- Born: 3 August 1968 (age 57) Galway, County Galway, Ireland
- Occupation: Journalist
- Known for: "Pricewatch" in The Irish Times and on The Ray D'Arcy Show

= Conor Pope =

Irish journalist, author and broadcaster (born 1968)

Conor Pope (born 3 August 1968) is an Irish journalist, author and broadcaster who works for The Irish Times as well as appearing on radio and television as a consumer advocate.
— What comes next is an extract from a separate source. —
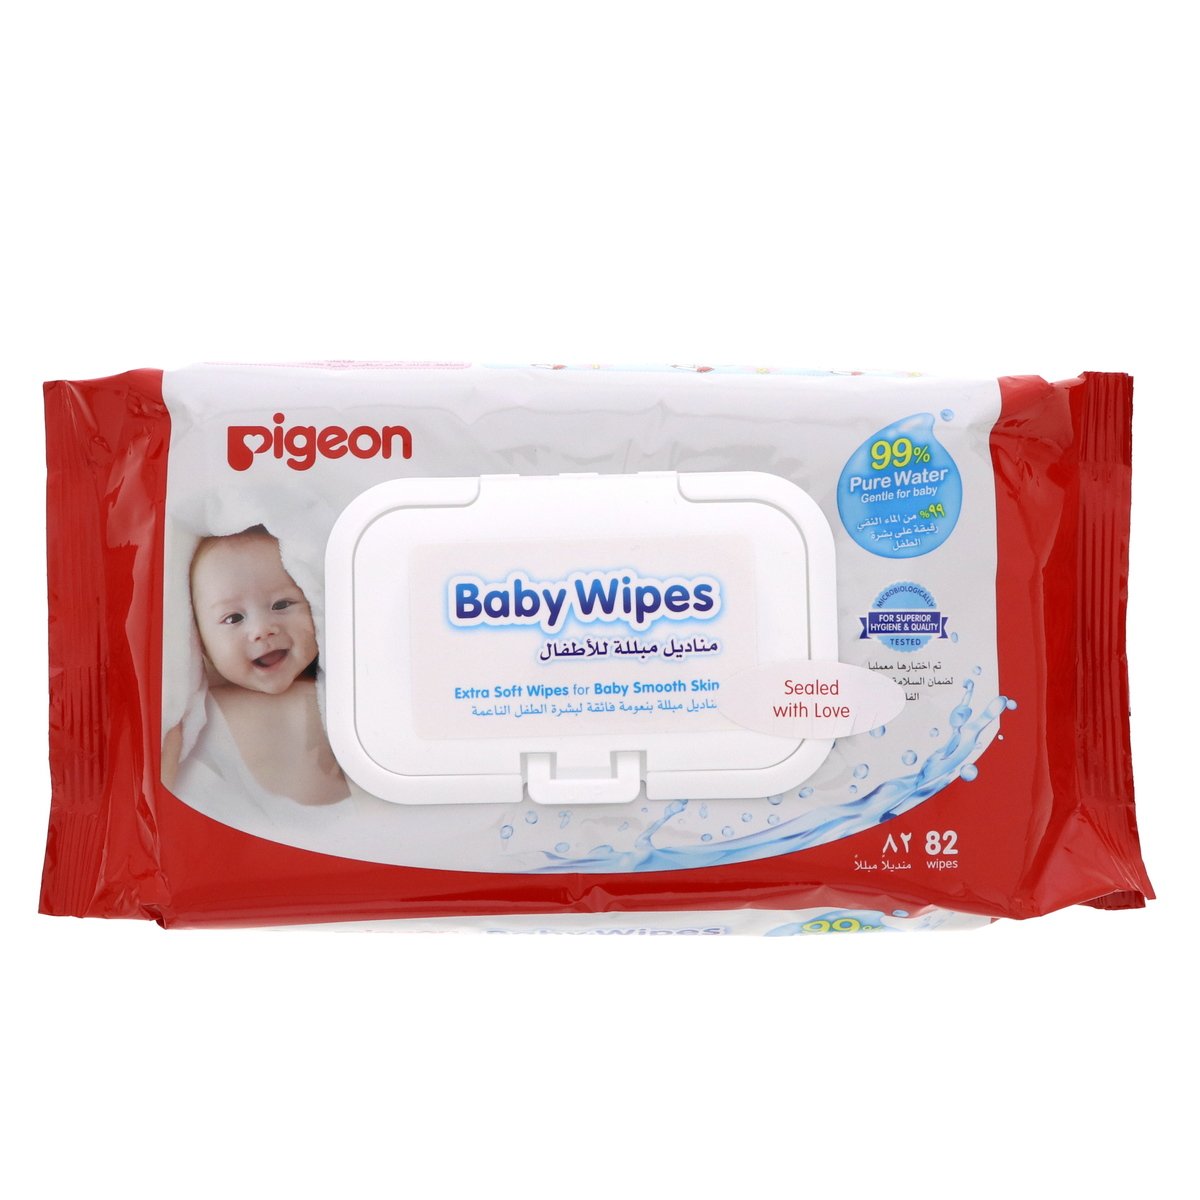 اشتري قم بشراء بيجون مناديل مبللة للاطفال 82 حبة Online at Best Price من الموقع - من لولو هايبر ماركت Baby Wipes في السعودية

Pope is the consumer affairs correspondent with the Times and writes the weekly Pricewatch page in The Irish Times as well as occupying a segment of the same name on The Ray D'Arcy Show on RTÉ Radio 1. He has also had a weekly slot on TV3's Six O'Clock Show, and is the presenter of Conor Pope's Consumer 999 on the same channel.

==Early life==
Born in Galway, Pope moved with his family to County Cork when he was six and they returned when he was thirteen. He studied English and Philosophy at University College Galway (UCG). Upon graduating, he took a programming course in FÁS, then worked at the Connacht Tribune as placement.

==Career==
In 1996, Pope joined The Irish Times, becoming involved with the paper's website.

Pope wrote a consumer advice book (Stop Wasting Your Money; Liberty Press), which was published in 2007, and contributed to two consumer-related shows on RTÉ Television in 2007 and 2009.

In 2012, as part of his job, he rang into TV3's Psychic Readings Live and asked Psychic Wayne about a concern he felt that someone he is connected to in his job was stealing money belonging to other people. He was promptly cut off.

He has supported a campaign to erect a statue in Galway in memory of Che Guevara, who was partly descended from the Lynch family of Galway. This was the subject of controversy when American politicians commented unfavourably on the proposed memorial.